Ahh, ok, that's what you were getting at.  Every time I look at
"alloc_set_aside" I have to figure out what that /really/ does, and I
think "agfl_bmap_setaside" (or even "bmbt_split_setaside") is a better
hint to what this actually does.

--D

> Brian
> 
> > > > new xfs_alloc_set_aside() that combines the macro calculation with
> > > > ->m_allocbt_blks. Then the whole "set aside" concept is calculated and
> > > > documented in one place.
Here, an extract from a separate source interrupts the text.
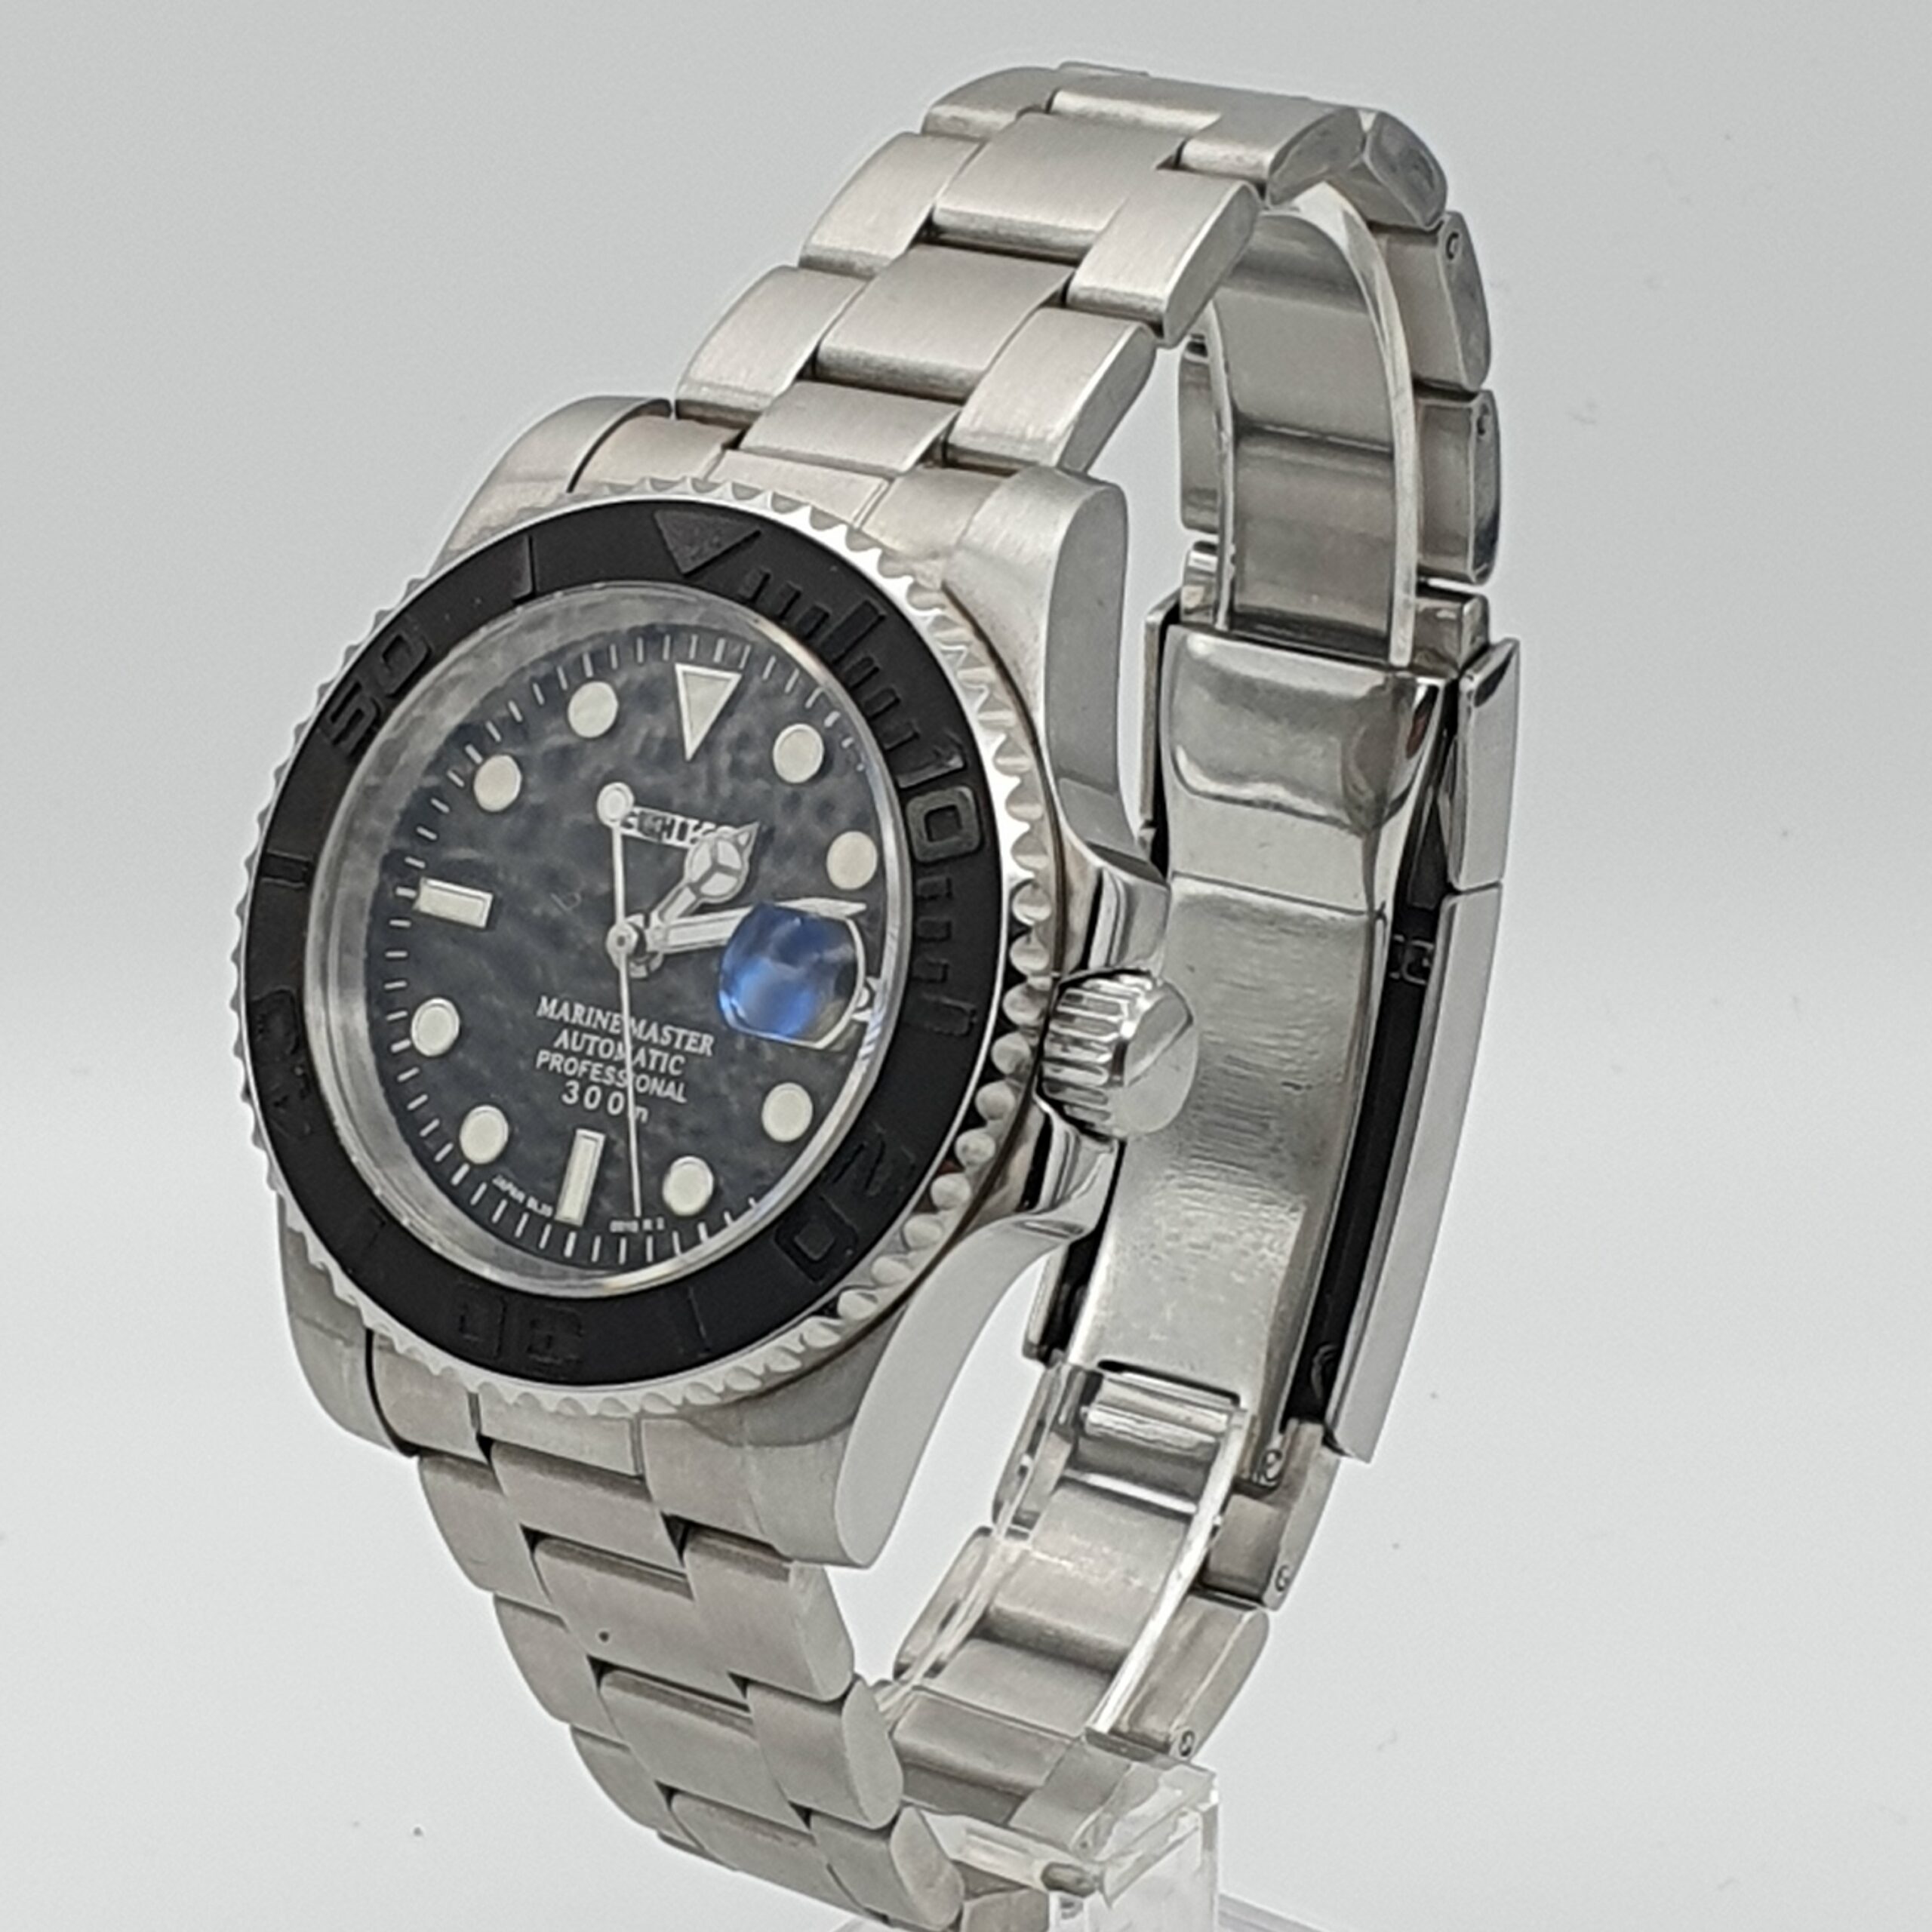 steeldive sd1953 stainless steel two-tone dial| Alibaba.com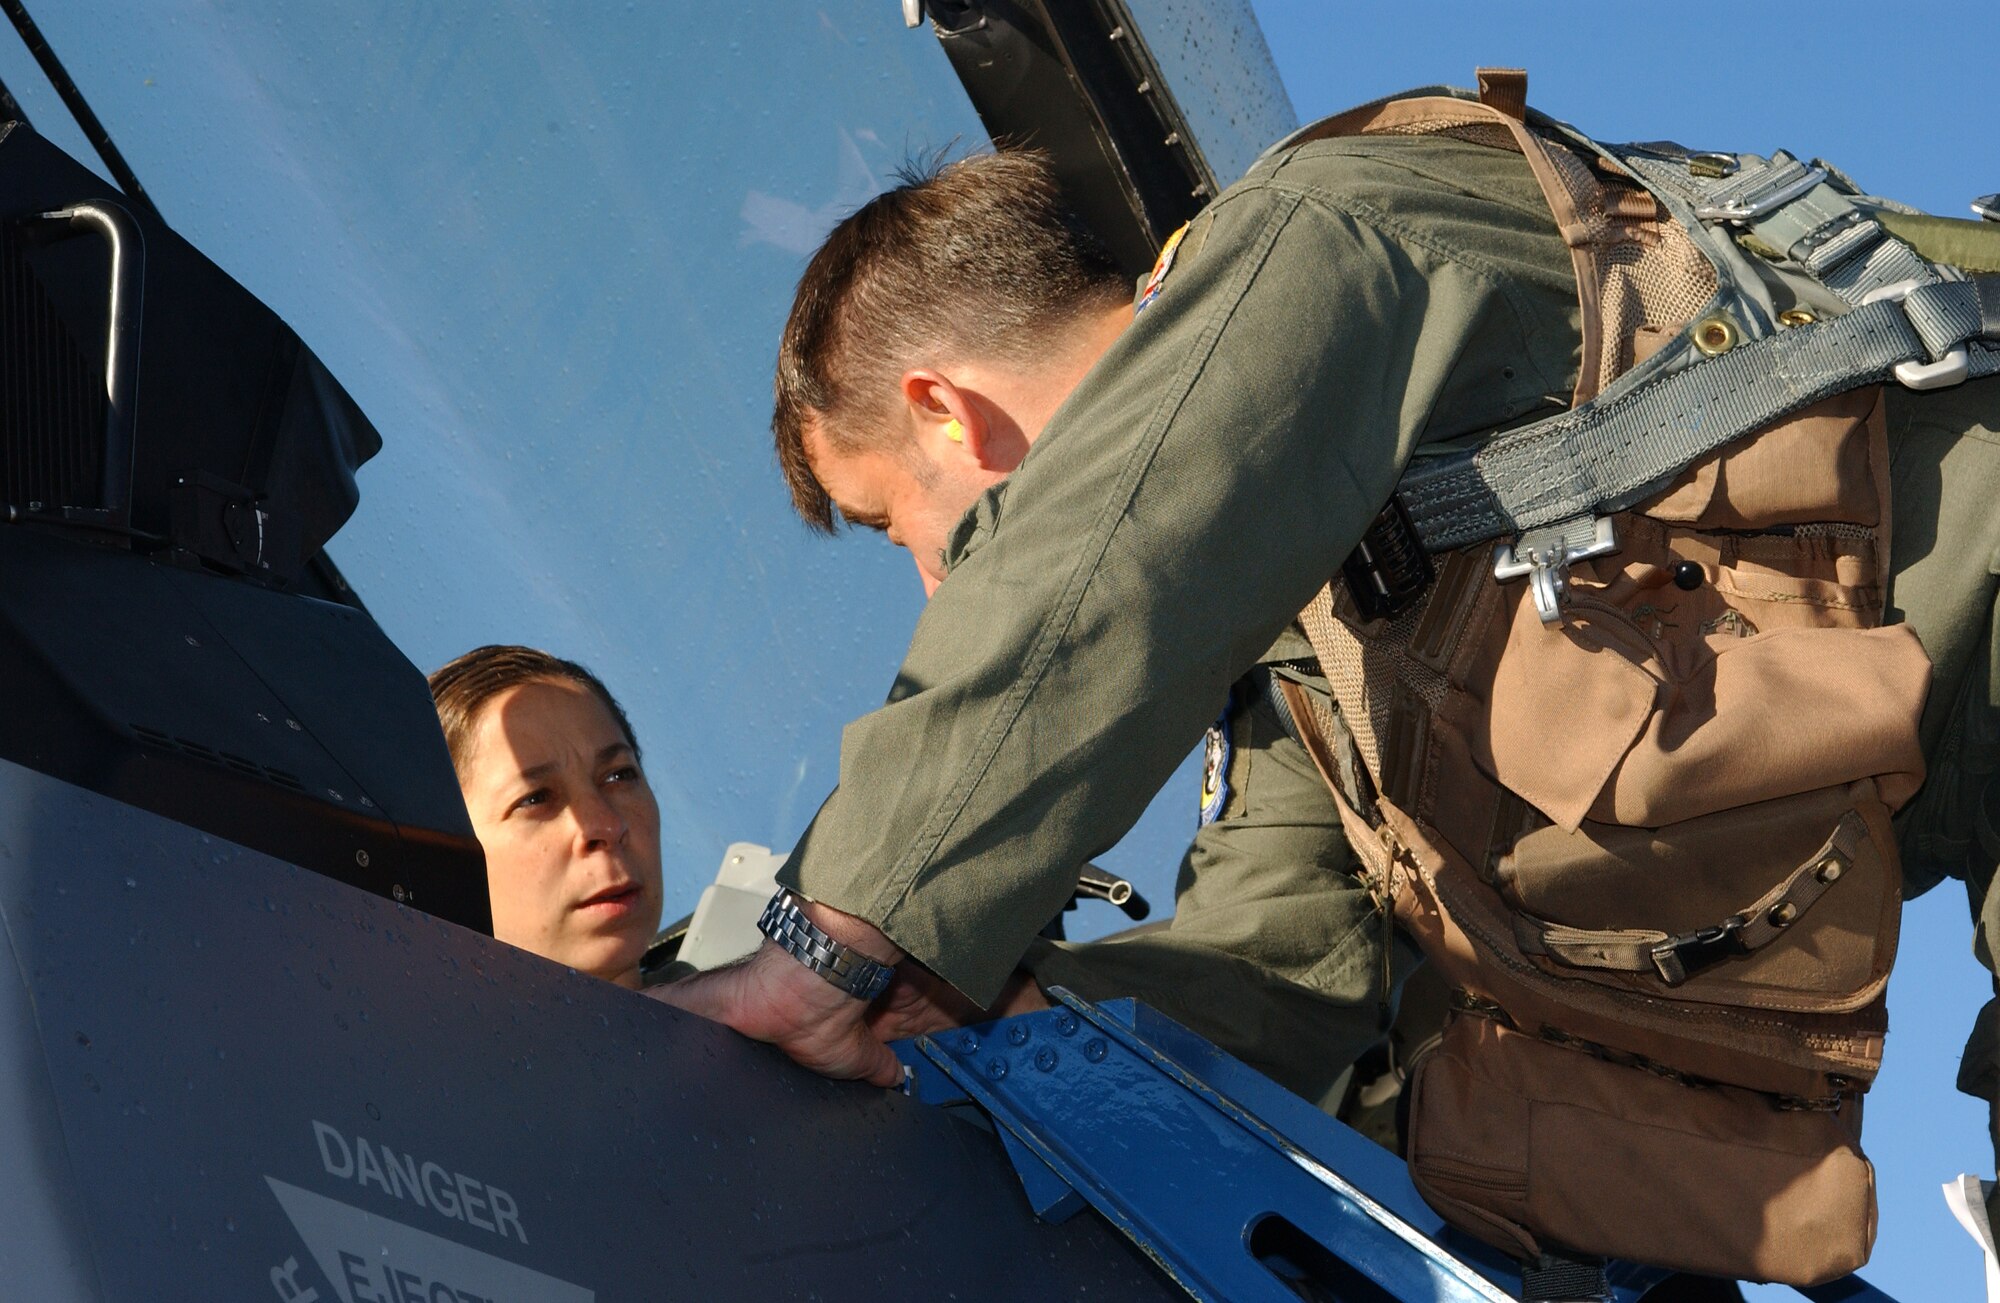 EIELSON AIR FORCE BASE, Alaska--Maj. Norman Johnsen, 354th Operations Support Squadron F-16 pilot, ensures Master Sgt. Deanna Croxen, Eielson Airman Leadership School instructor, is strapped in the jet properly before they begin her incentive flight Sept. 13. The incentive program's purpose is for group commanders to acknowledge the hard work and dedication of their Airmen. (U.S. Air Force photo by Airman 1st Class Nora Anton)

Hm?
> > > 
> > > I think I'd rather call the new function xfs_fdblocks_avail() over
> > > reusing an existing name, because I fear that zapping an old function
> > > and replacing it with a new function with the same name will cause
> > > confusion for anyone backporting patches or reading code after an
> > > absence.
> > > 
> > > Also the only reason we have a mount variable and a function (instead of
> > > a macro) is that Dave asked me to change the codebase away from the
> > > XFS_ALLOC_AG_MAX_USABLE/XFS_ALLOC_SET_ASIDE macros as part of merging
> > > reflink.
> > 
> > Yeah, macros wrapping a variable or repeated constant calculation
> > are bad, and it's something we've been cleaning up for a long
> > time...
> > 
> > Cheers,
> > 
> > Dave.
> > -- 
> > Dave Chinner
> > david@fromorbit.com
> > 
>